+++ Data extract

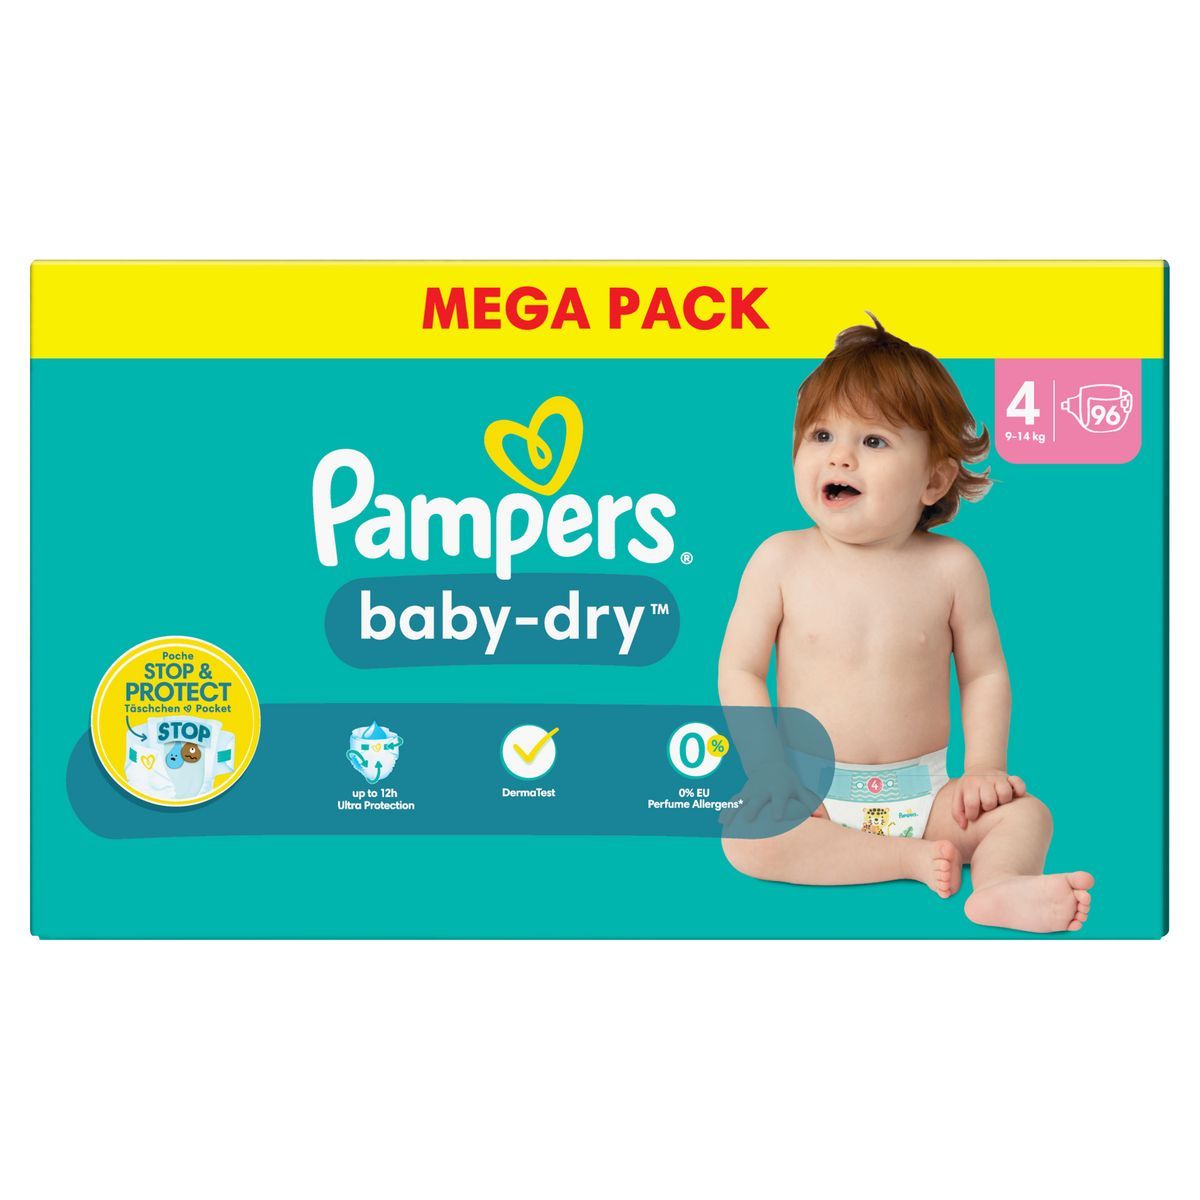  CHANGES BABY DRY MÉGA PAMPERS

++++++
+++ Data extract

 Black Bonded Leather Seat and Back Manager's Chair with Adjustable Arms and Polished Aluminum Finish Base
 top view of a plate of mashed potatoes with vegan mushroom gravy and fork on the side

++++++

Check each line above for the string "with" and copy the ones that have it.

The completed task:
 Black Bonded Leather Seat and Back Manager's Chair with Adjustable Arms and Polished Aluminum Finish Base
 top view of a plate of mashed potatoes with vegan mushroom gravy and fork on the side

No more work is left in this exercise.